Significant negative correlations were also detected between reaction time and the strength of the theta (rs = −0.48, P = 0.001; Fig. 5C) and gamma (rs = −0.41, P = 0.006; Fig. 5D) cortical oscillations for the entire group of children. These findings suggest that children who had stronger theta and gamma occipital cortical oscillations responded both faster and more accurately on the visuospatial processing task. This relationship was not significant when the two groups were tested individually (both Ps > 0.05).

Discussion

Impairments in visuospatial processes are the most common visual-processing deficits found in children with CP (Fazzi et al. 2009; Ortibus et al. 2009; Pueyo et al. 2009; Ego et al. 2015). Nonetheless, we have little understanding of the neural aberrations that may contribute to the altered visuospatial functions seen in the clinic. This study is the first to use MEG to evaluate the oscillatory responses during visuospatial processing in children with CP. Our results showed that the theta and gamma cortical oscillations in the primary visual cortices were weaker in children with CP. Furthermore, the weaker theta and gamma cortical oscillations were linked with degraded performance on the visuospatial processing task. Altogether, these results indicate that altered theta and gamma cortical oscillations likely play a role in the impaired visuospatial processing seen in children with CP.

The occipital theta and gamma cortical oscillation seen in this investigation were consistent with other studies that have used a similar visuospatial processing and attention task (Wiesman, Mills, et al. 2018a; Wiesman, O’Neill, et al. 2018b; Wiesman and Wilson 2019; Lew, O’Neill, et al. 2020a). Prior research has suggested that such oscillations are linked with processing of visual information (Bastos et al. 2015; Michalareas et al. 2016; Takesaki et al. 2016; Saleem et al. 2017, and likely play fundamental roles in central nervous system communication, perception, and cognition (Başar et al. 2001). The theta activity is presumed to be representative of object perception and the initial coding of basic visual information (Başar et al. 2001; Makeig et al. 2002; Busch et al. 2009), while the gamma oscillations are thought to be important for attending to the stimulus and perceptual binding (Edden et al. 2009; Muthukumaraswamy and Singh 2013).

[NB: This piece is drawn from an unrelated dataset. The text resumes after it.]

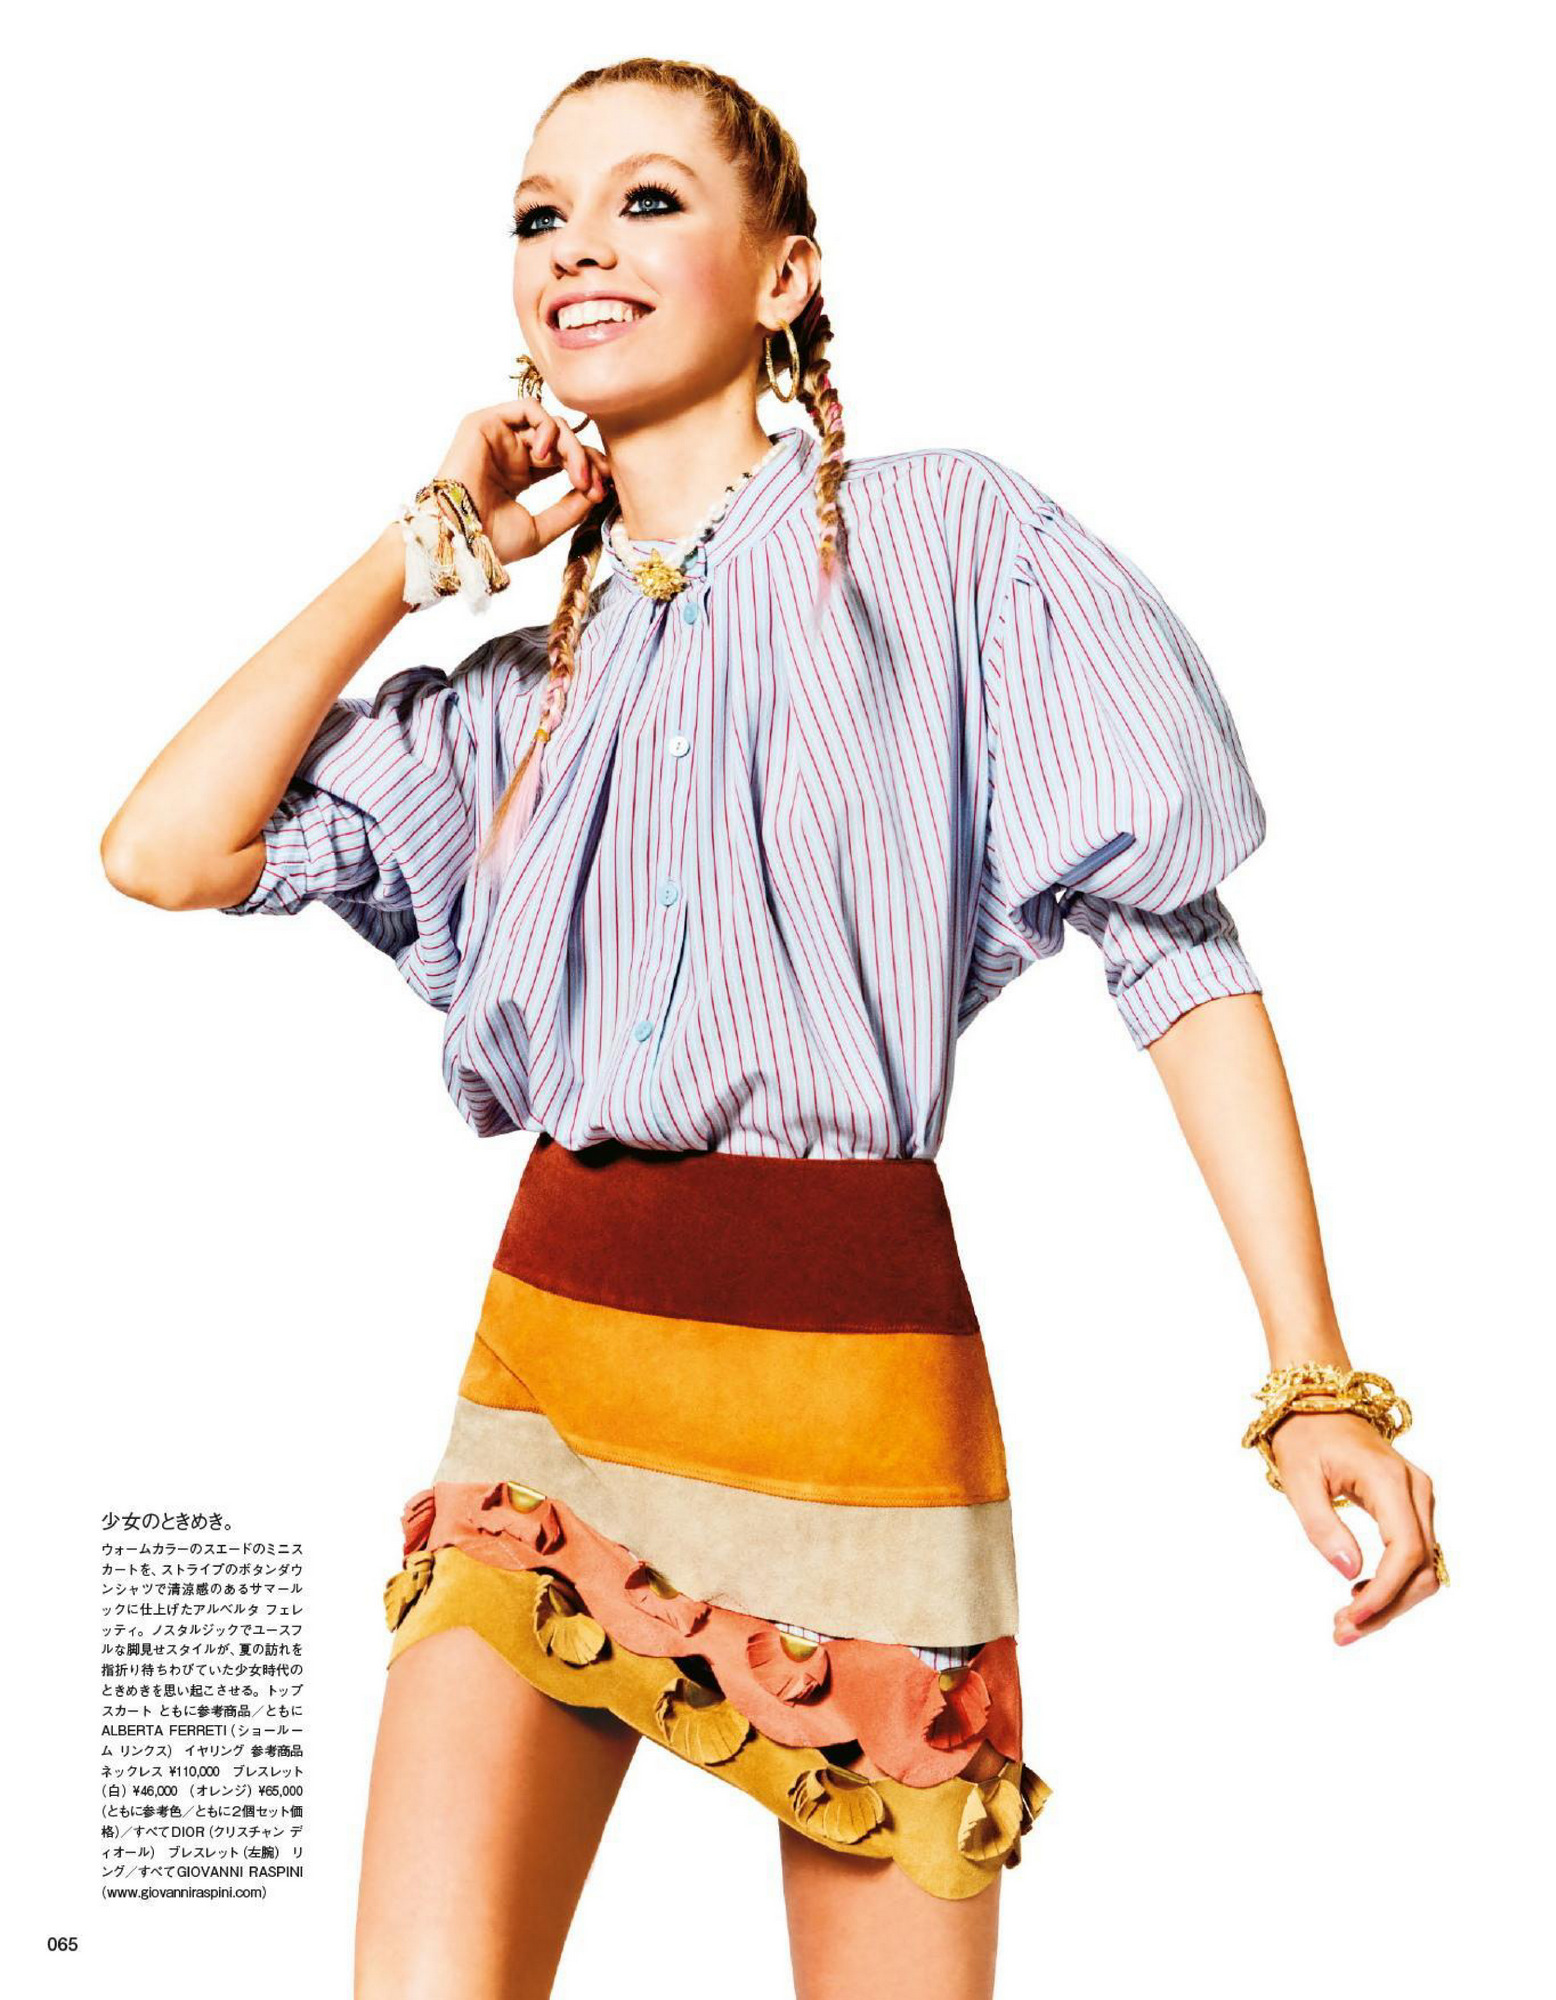 Stella Maxwell Beachin’ it For Vogue! - Photo 17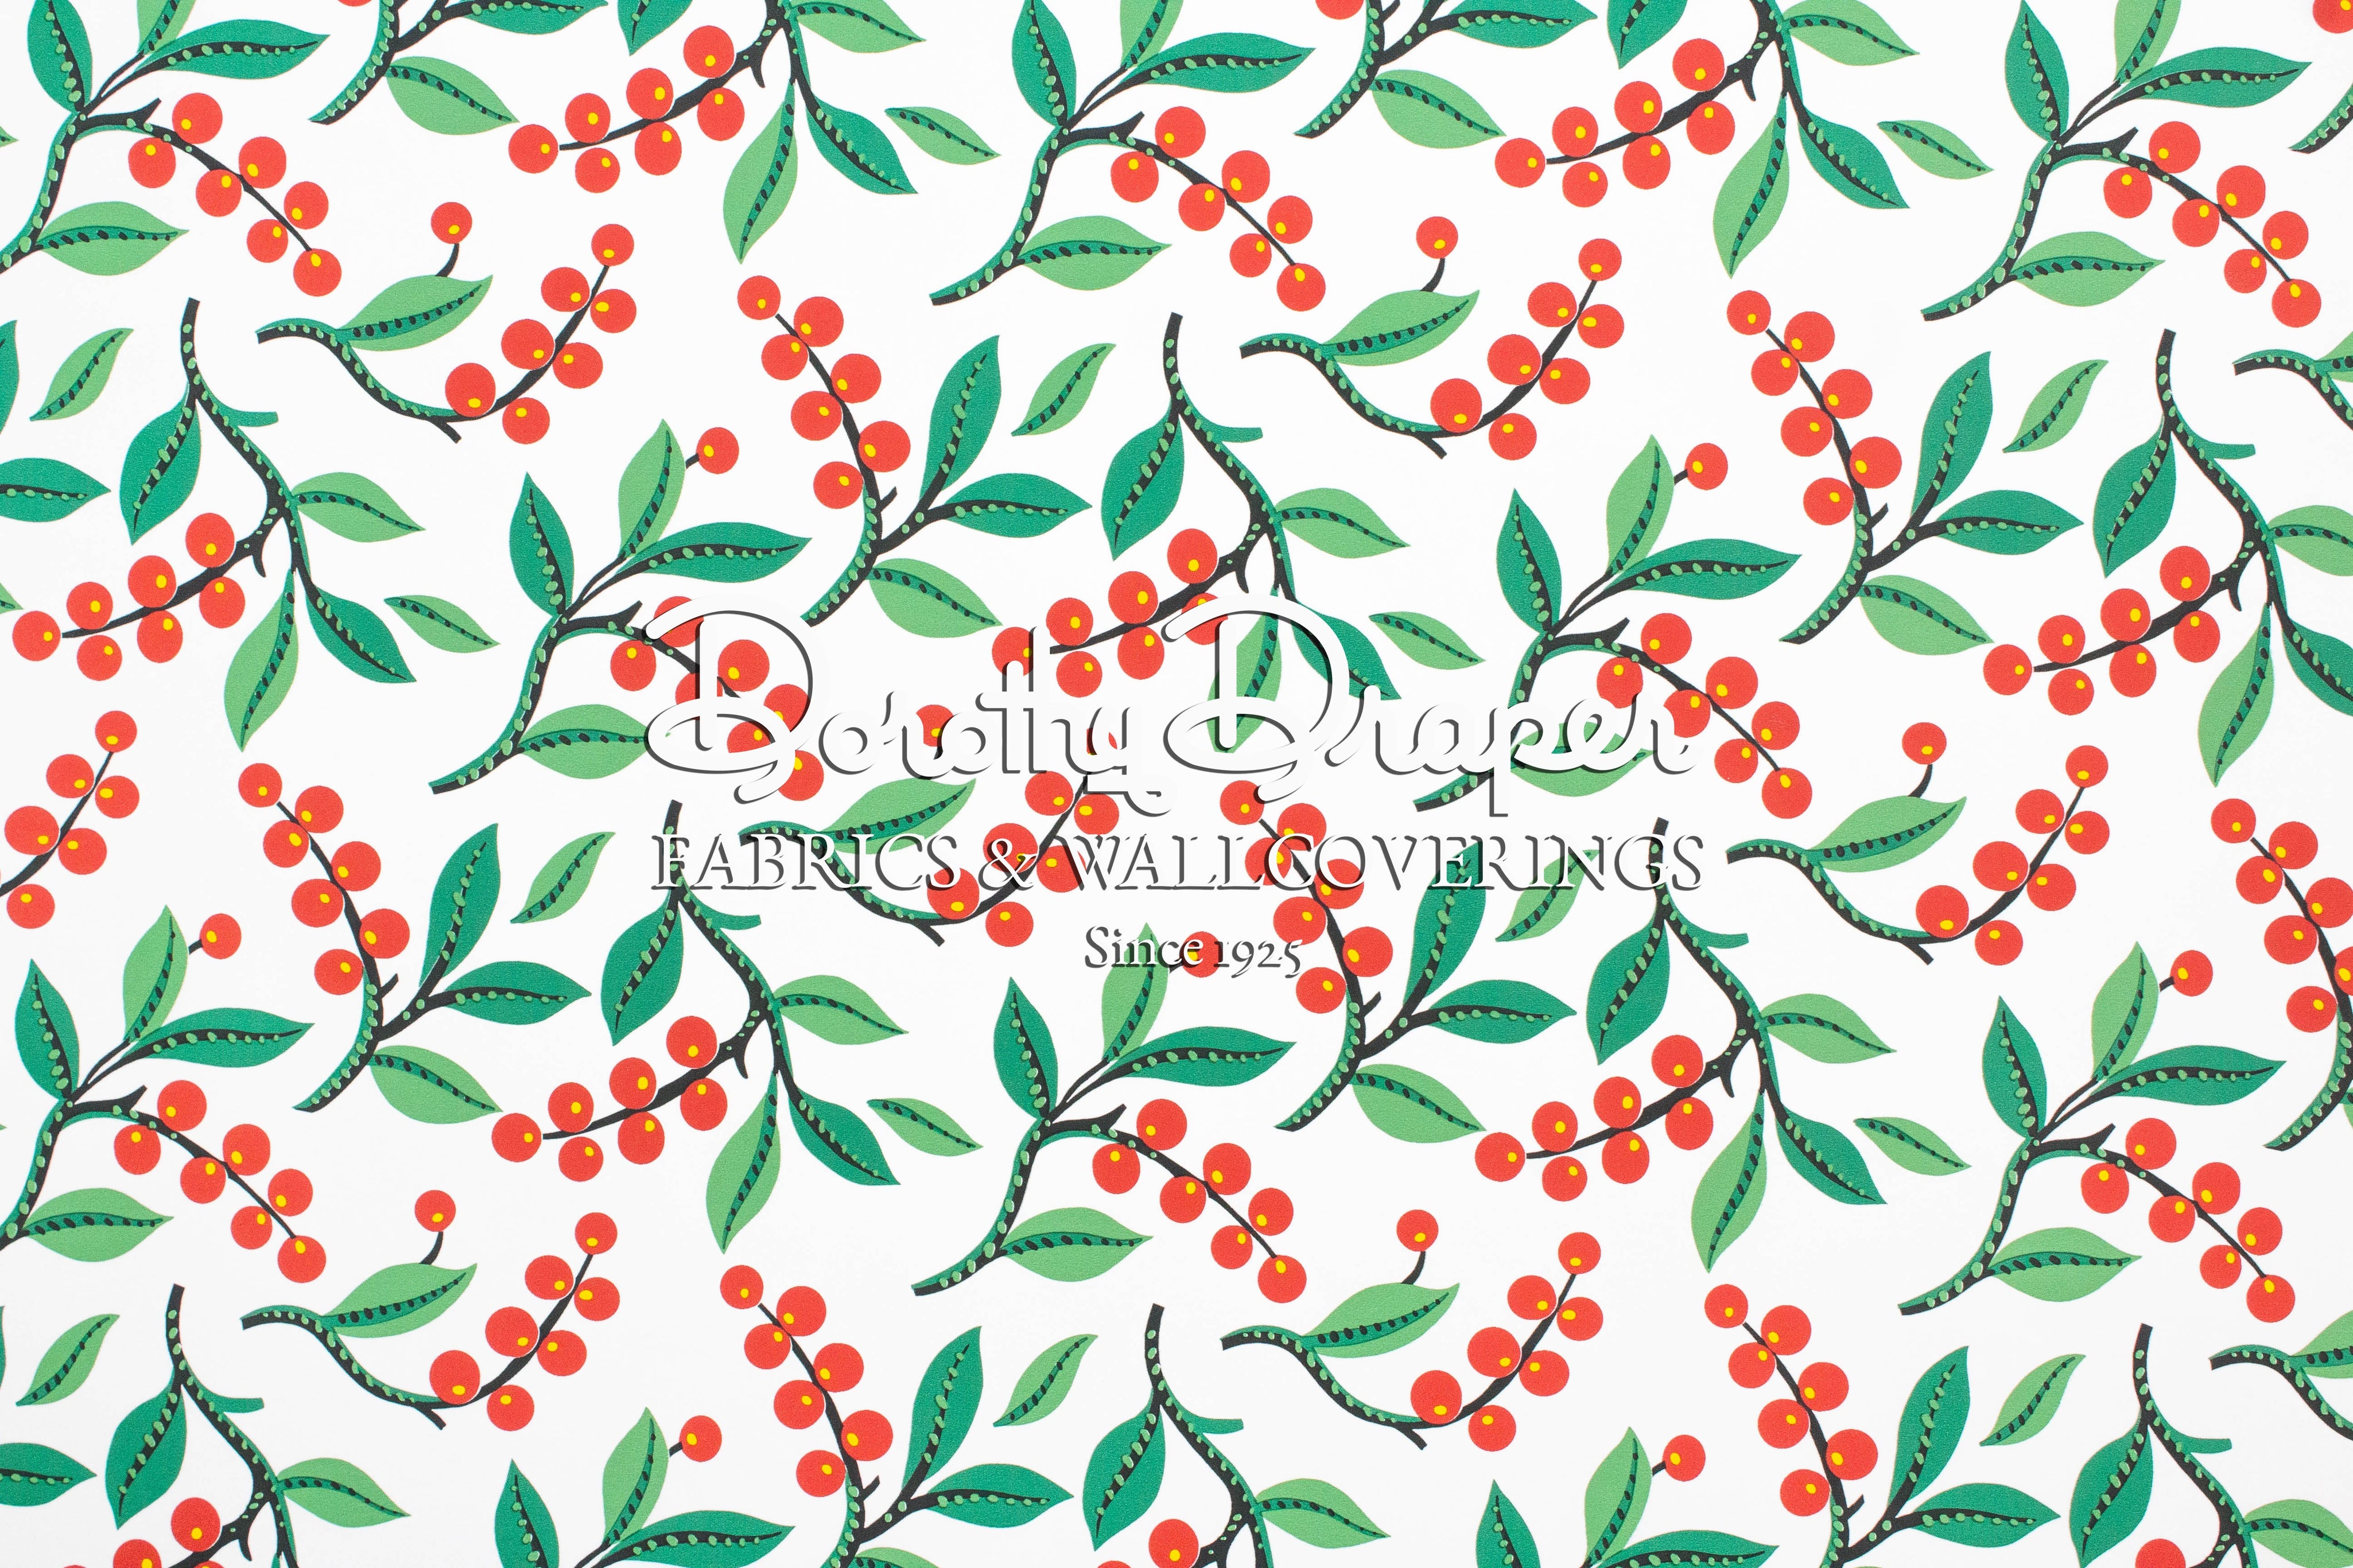 kates-mountain-berries-_greenandred_-wallpaper_2.jpg

One of our most important findings was that, relative to controls, children with CP exhibited markedly blunted occipital theta and gamma cortical oscillations during performance of the visuospatial processing task. The altered theta oscillations imply that the neural populations involved in the perception and initial encoding of visual information were abnormal in the children with CP. Furthermore, we also found weaker gamma oscillations in the children with CP, which supports the notion of altered visual attention function and possibly insufficient parsing of fine visual features. Based on these data, we contend that these aberrant medial occipital oscillations play a prominent role in the visuospatial deficiencies that have been widely described in the clinical literature (Fazzi et al. 2009; Ortibus et al. 2009; Pueyo et al. 2009; Ego et al. 2015). This impression is supported by the behavioral results as well, which showed the children with CP had slower reaction times and made significantly more errors in perceiving the spatial location of the high-contrast visual stimuli. Furthermore, our correlational analysis enhances this argument as the participants with weaker theta and gamma occipital oscillations also tended be less accurate and took longer to identify the spatial location of the visual stimulus.

Visual processing plays a crucial role in movement planning, motor control, and error evaluation and feedback (Krigolson et al. 2015). Individuals with CP need precise information from their visual environment to adapt their movement patterns in order to complete functional activities such as reaching (Savelsbergh et al. 2013). If the bottom-up processing of the spatially relevant visual environment is aberrant, the downstream visual computations and motor planning decisions based on this degraded visual information are likely to result in visuomotor performance errors. In our study, we expected slower reaction times in the children with CP given the motor impairments. However, their task accuracy was also markedly reduced compared to the control group, and both behavioral responses were linked to weaker theta and gamma oscillations occurring during stimulus presentation. This finding is consistent with previous studies reporting a similar relationship between theta and gamma neural activity and improved visuospatial task performance (Busch et al. 2009; Edden et al. 2009; Wiesman et al. 2017; Wiesman, O’Neill, et al. 2018b) and suggests that deficits in visuospatial neural functions contribute to the motor performance impairments observed in children with CP. Of note, it is also conceivable that both the motor and visual impairments are hindering visuospatial functioning (Belmonti et al. 2015; Hawe et al. 2020). Motor impairments may disrupt the process of visuospatial development by limiting physical exploration of the visual environment (Smith and Chatterjee 2008; Pavlova and Krägeloh-Mann 2013; Thébault et al. 2018). This may also account for the enlarging gap seen in the visuospatial abilities of younger and older children with CP compared to TD controls (Schmetz et al. 2019).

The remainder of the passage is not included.